Ah, this was the large hawk which stilled the sparrows...

But, Seamus, IF it's dedicated to "Posterity" (and I don't for a
moment accept that it is or that it should be) WHY do all the
citations for you present famous victory (and congrats, btw, we
awardwinners must stick together) WHY do they all stress the
rescue-of-timeless-classic-from-obscurity, or the breathing-life-into
-lost-work-for-our-times elements of yr translation? Shome mishtake
here surely. IF your Beowulf's a piece of rescue archeology
("retrieved a buried treasure" "which had been known only to a small
no. of academics" say your awarders) it seems to me that "Posterity"
will want to have it done all over again... 
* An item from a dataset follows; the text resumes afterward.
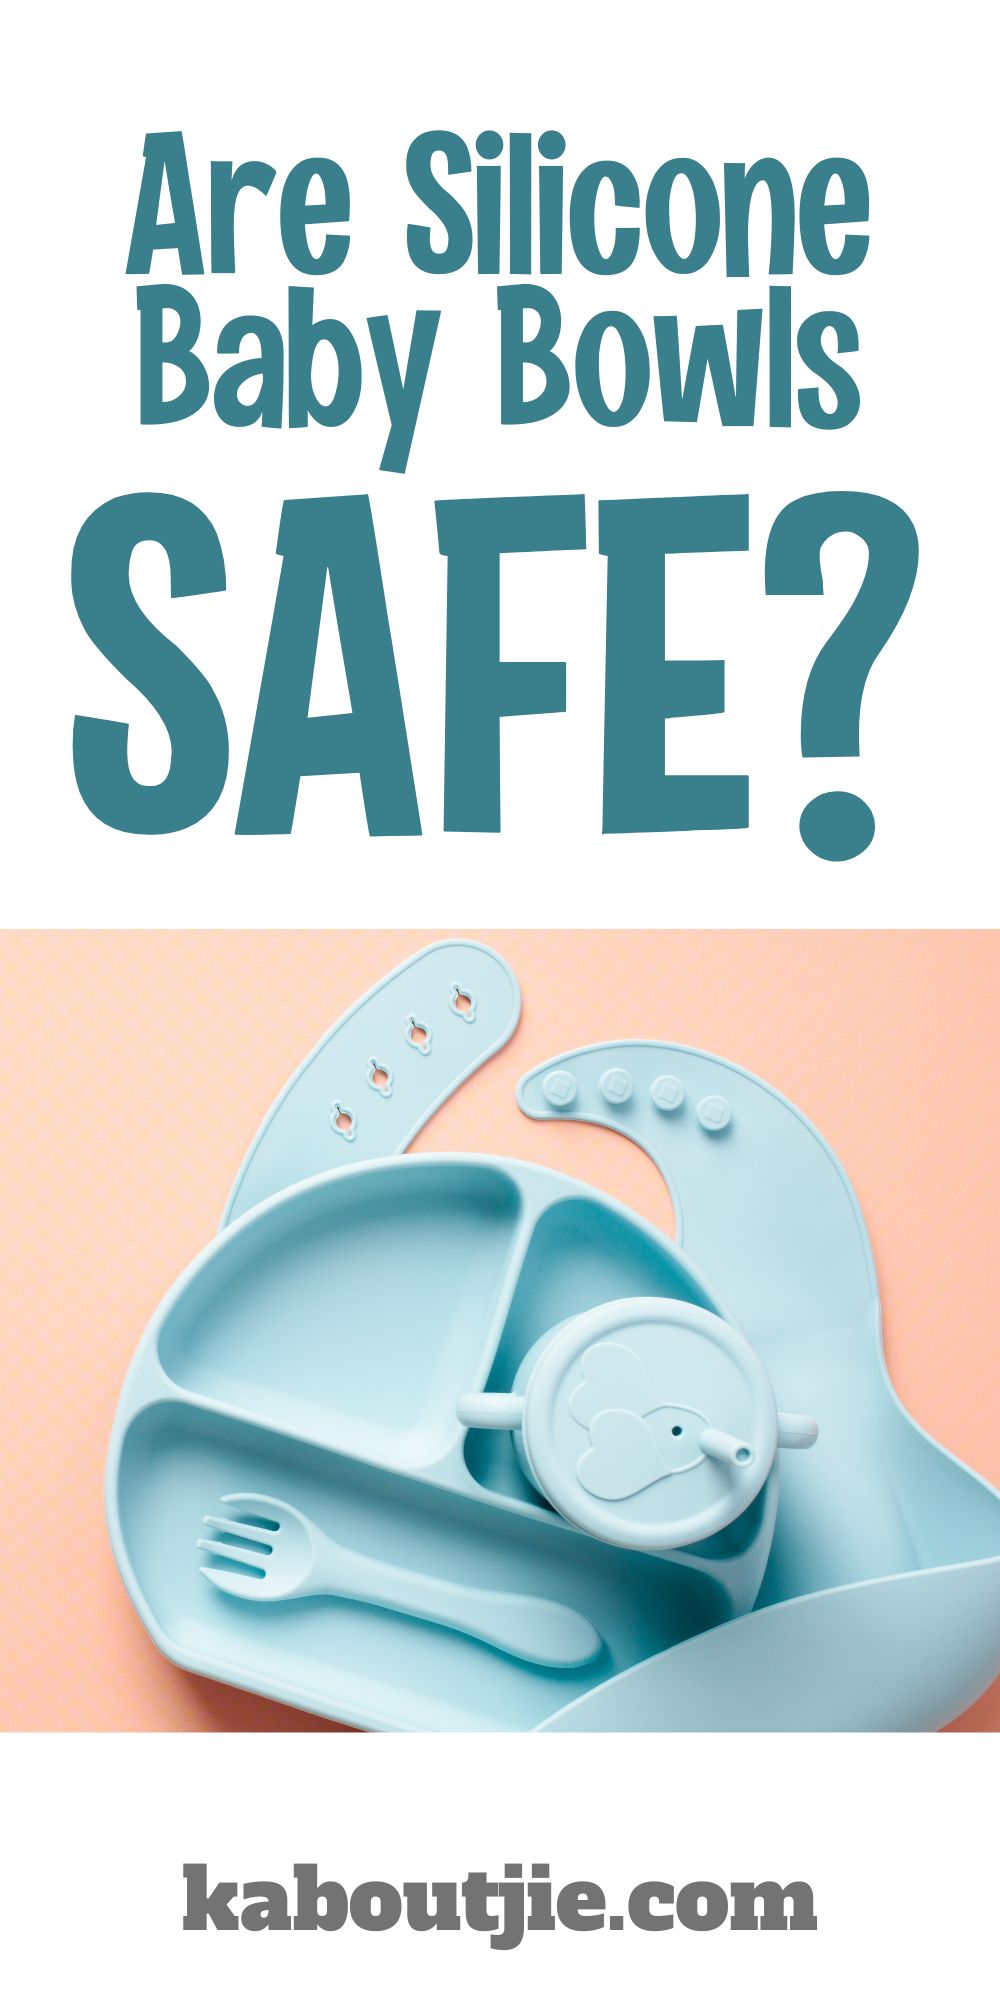 Are Silicone Baby Bowls Safe?

Then again, Prof Paulin et al, I'm not at all happy with the idea that
these poor old quaint hasbeens (Beowulf, that is, not Seamus) need to
be dished up "for our times" (a similar argument was put forward to
justify the flat journalese of Hughes' Ovid, I recall). Generations of
readers have discovered the real physical thrill of language in
Beowulf, and continue to do so. Buried treasure? It's been successful
in recent years as a comic book, an animated cartoon etc, and each
time it's been the bang of the vowels and consonants, however diluted
from the original, that've seen it through, the anonymous author
rather than the named mediator. Some of that sound gets through to
Heaney's trans, but I'm afraid in the end I find Beowulf-Lite short of
the linguistic oomph of the original. Sorry.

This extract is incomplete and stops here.